See Supplementary Note 1 for the discussion on the relative magnitude among the signal field and the three terms in the noise field. The multiplication of S(ro; ri) and S(ro; rd) in the signal field of Eq. (4) describes the confocal action. The multiplication of the two transfer functions Ti(ro; ri)Td(ro; rd), shown in Fig. 1d, e, describes how much each point ro on the object plane contributes to the light propagation from the illumination point ri to the detection point rd. Mathematically, the space gating sets the spatial window RSG around the confocal point, as indicated by the white dotted lines in Fig. 1d, e. Therefore, the measured field with the space gating \(E^{{\mathrm{SG}}}\left( {{\mathbf{r}}_{\mathrm{d}};{\mathbf{r}}_{\mathrm{i}}} \right) = E_{\mathrm{S}}^{{\mathrm{SG}}}\left( {{\mathbf{r}}_{\mathrm{d}};{\mathbf{r}}_{\mathrm{i}}} \right) + E_{\mathrm{M}}^{{\mathrm{SG}}}\left( {{\mathbf{r}}_{\mathrm{d}};{\mathbf{r}}_{\mathrm{i}}} \right)\) can be derived by Eqs. (3), (4), and (5) after reducing the integration range from R to RSG. Because the signal field of Eq. (4) and the first two terms in the noise field of Eq. (5) involve the ballistic propagation confined to the confocal point, only the Mi(ro; ri)Md(ro; rd) term in the noise field is reduced by the space gating. Considering that this term is dominant in determining the noise field (see Supplementary Note 1 for further explanation), the noise suppression factor η can be estimated as:

$$\eta = \left| {E_{\mathrm{M}}\left( {{\mathbf{r}}_{\mathrm{d}};{\mathbf{r}}_{\mathrm{i}}} \right)} \right|^2/\left| {E_{\mathrm{M}}^{{\mathrm{SG}}}\left( {{\mathbf{r}}_{\mathrm{d}};{\mathbf{r}}_{\mathrm{i}}} \right)} \right|^2\sim {\mathrm{min}}\left( {w_{{\mathrm{M}}_{\mathrm{i}}},w_{{\mathrm{M}}_{\mathrm{d}}}} \right)^2/w_{{\mathrm{SG}}}^2.$$
(6)

Here, wMi and wMd are the effective widths of |Mi(ro; ri)|2 and |Md(ro; rd)|2, respectively. wSG is the width of RSG set by the acoustic focus size in our experiment. For biological tissues, wMi and wMd typically range from hundreds of microns to millimeters when L/ls ~ 10 (see Supplementary Fig. 1 for the detailed analysis on wMi and wMd). Therefore, we can expect η > 100 if the size of the space gating wSG is as small as tens of microns, as is the case with a high-frequency acoustic focus.

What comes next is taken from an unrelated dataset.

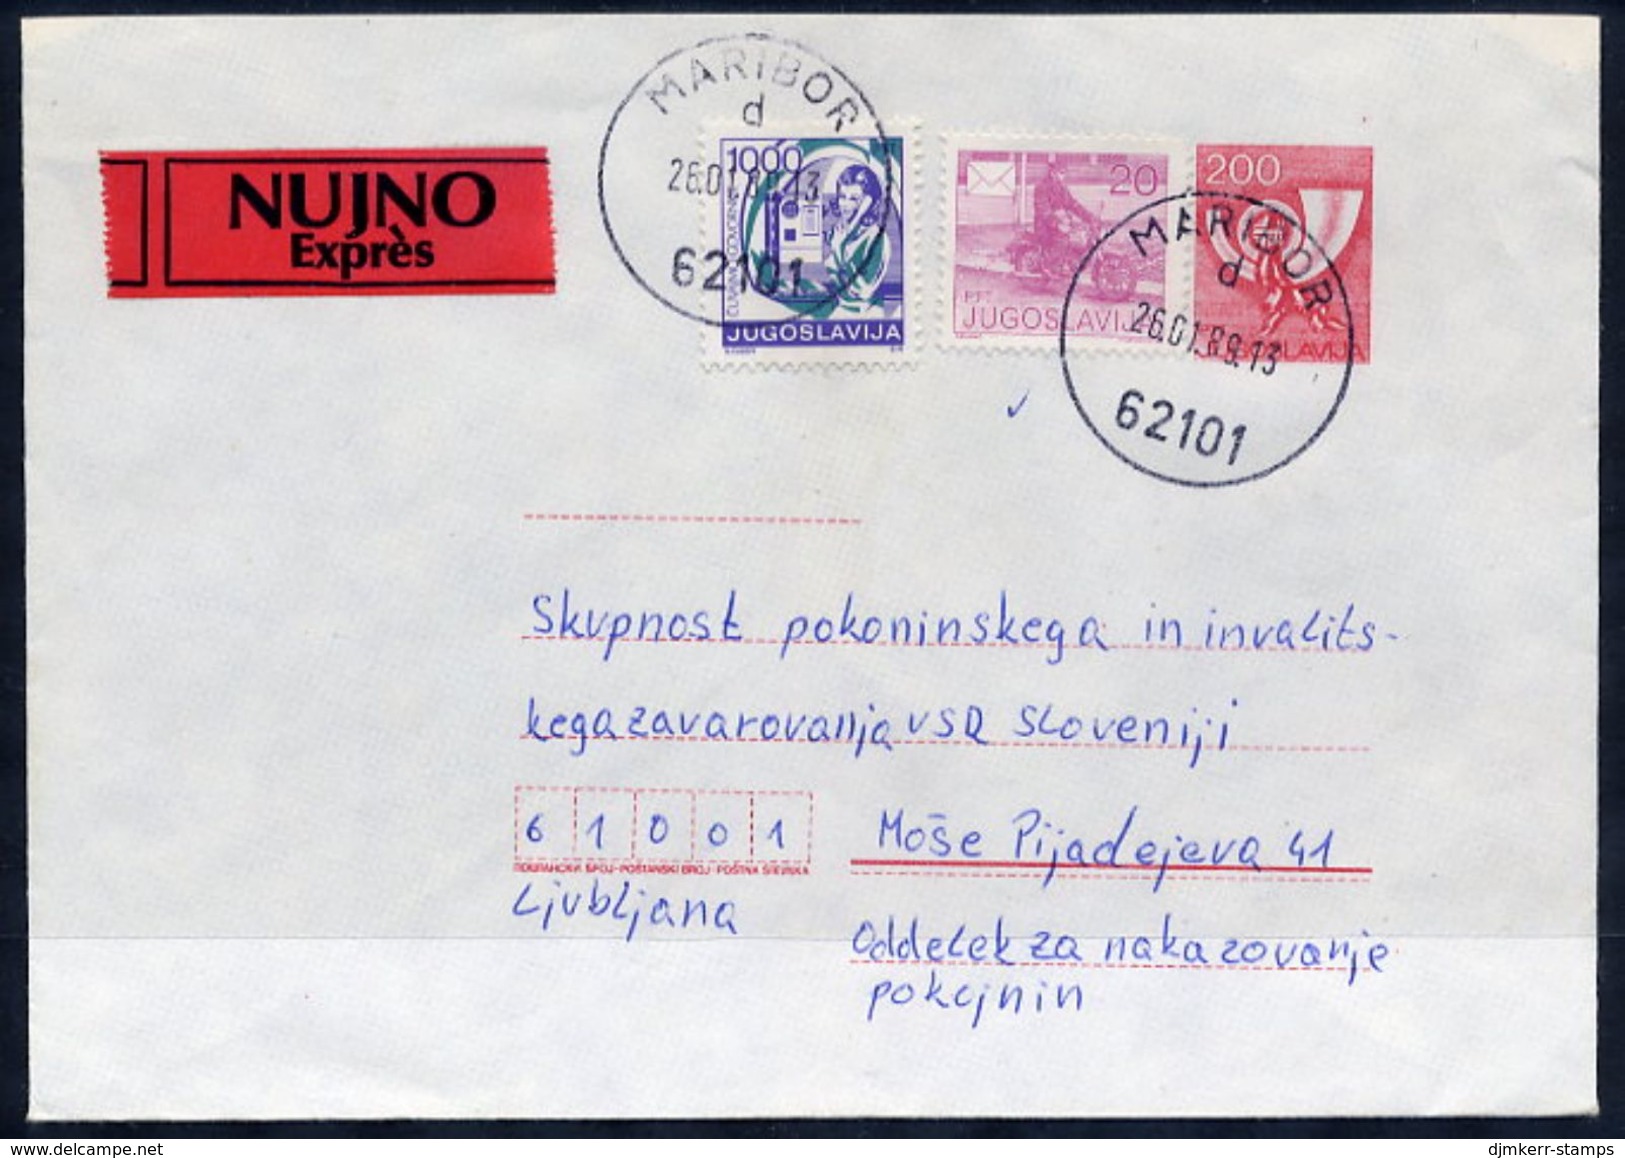 YUGOSLAVIA 1988 Posthorn 200 D.stationery Envelope With  Used With Additional Franking And Express Label.  Michel U82 - Ganzsachen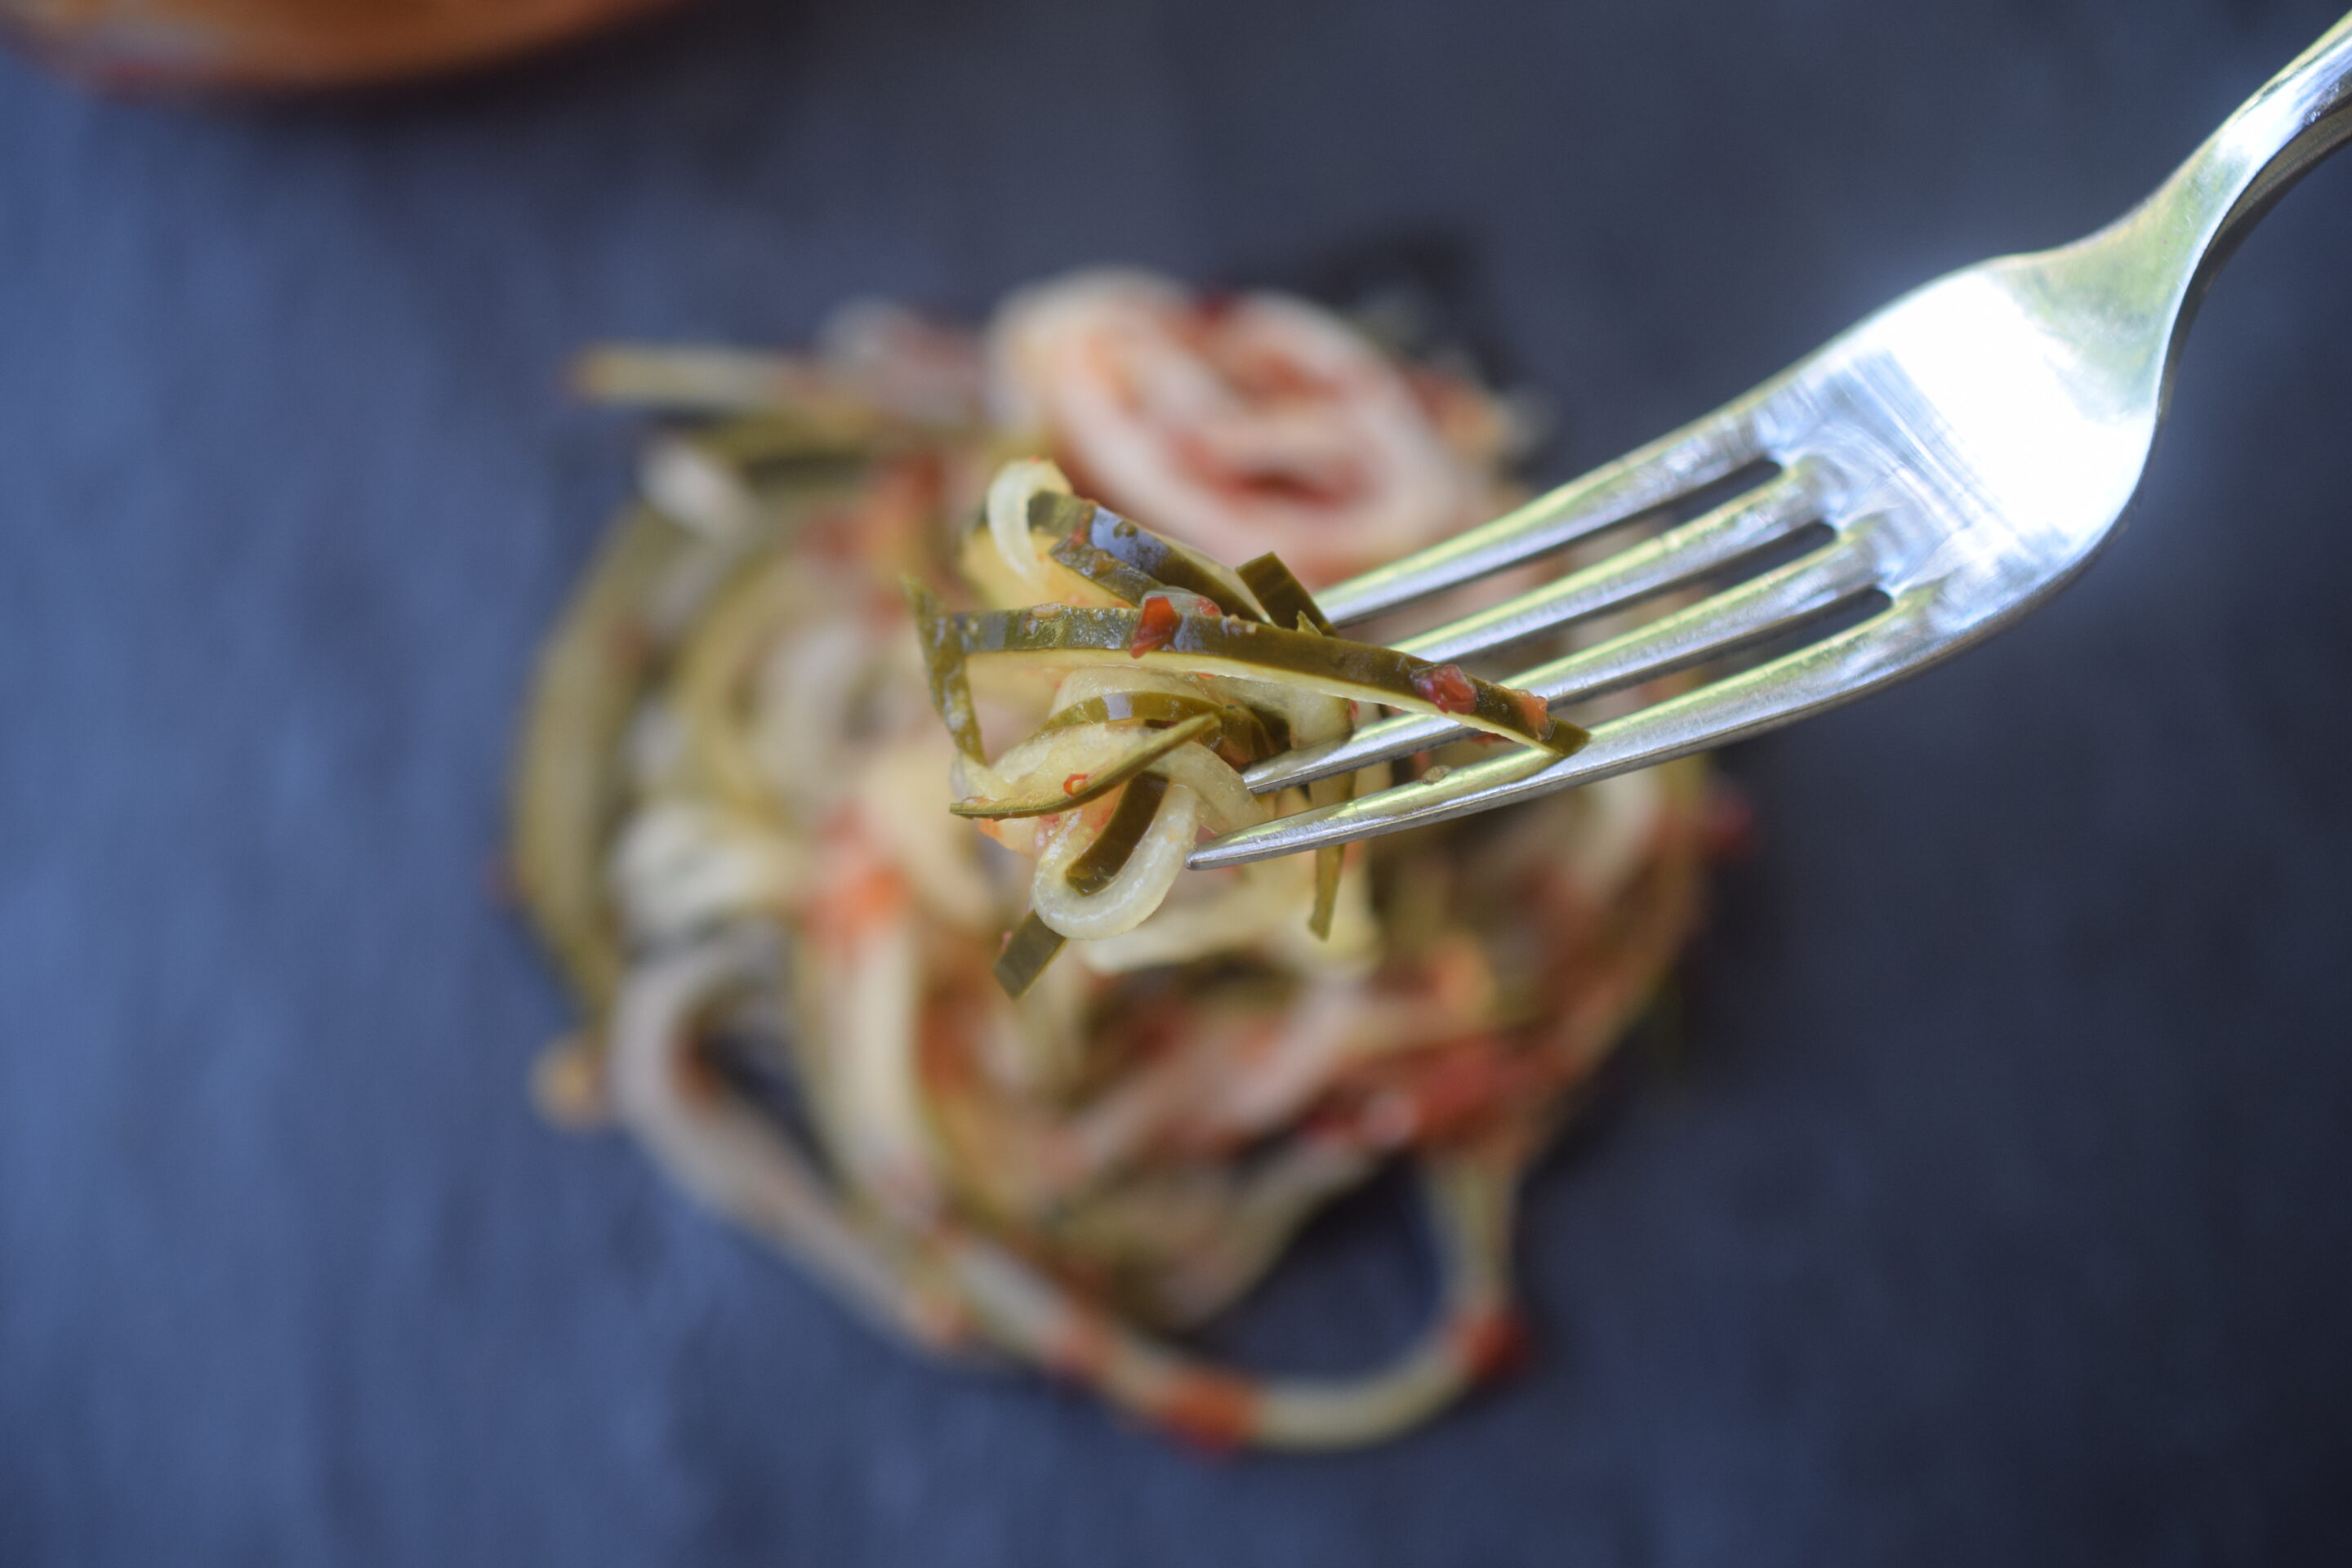 Yum! Ready in just a few hours, these Spicy Spiralized Pickled Cucumbers are addictively delicious and can go with so many things! Makes a great hostess gift too!

To see the effect of space gating on the imaging depth of the optical diffraction-limited imaging, we define the imaging fidelity by the contrast of ballistic wave: τ = |ES(rd; ri)|2/|EM(rd; ri)|2 without space gating, and \(\tau ^{{\mathrm{SG}}} = \left| {E_{\mathrm{S}}^{{\mathrm{SG}}}\left( {{\mathbf{r}}_{\mathrm{d}};{\mathbf{r}}_{\mathrm{i}}} \right)} \right|^2/\left| {E_{\mathrm{M}}^{\mathrm{SG}}\left( {{\mathbf{r}}_{\mathrm{d}};{\mathbf{r}}_{\mathrm{i}}} \right)} \right|^2\) with space gating. When the imaging fidelity is sufficiently >1, the ideal optical diffraction-limited imaging is achieved as the detected field is mostly comprised of the ballistic wave. When increasing the imaging depth, the spatial resolution remains close to the optical diffraction limit of the confocal imaging system, while the contrast of the ballistic wave is reduced due to the exponential decay of the ballistic wave. The space gating improves the imaging fidelity by a factor of η, i.e., τSG = η × τ. Considering the exponential decay of the intensity of ballistic wave, the imaging depth increases logarithmically with η. More specifically, the noise suppression effect can compensate the additional decay of ballistic wave by the increased imaging depth, i.e., \(\eta \times e^{ - \Delta L/l_s} = 1\), where ΔL is the gain in the imaging depth by the space gating. Therefore, η is translated into \({\mathrm{\Delta }}L = l_{\mathrm{s}} \times \log \eta\). For η > 100, we can expect the gain in imaging depth ΔL of >5ls. We provide further analysis on the relation of the imaging depth to the size of the acoustic focus and the optical wavelength in the Supplementary Note 2.

Confocal imaging setup with acousto-optic space gating

Figure 2a shows the experimental configuration of the confocal imaging system integrated with a high-frequency acousto-optic space gating (see Methods for details of the setup). Our scheme of space gating is based on an interferometric detection method similar to the previously demonstrated ultrasound-modulated optical tomography24,25,27,28,29,30. When light propagates through the oscillating pressure field at the acoustic focus, a fraction of the light is modulated by the frequency of fUS. Then, the reference beam with the frequency of f0 + fUS form a static interference pattern with the modulated wave. The complex field of the modulated wave is then selectively measured using four-step phase-shifting interferometry31. See Supplementary Figs. 2 and 3 for the detailed experimental setup, and the electrical signal flow for the acousto-optic measurements, respectively.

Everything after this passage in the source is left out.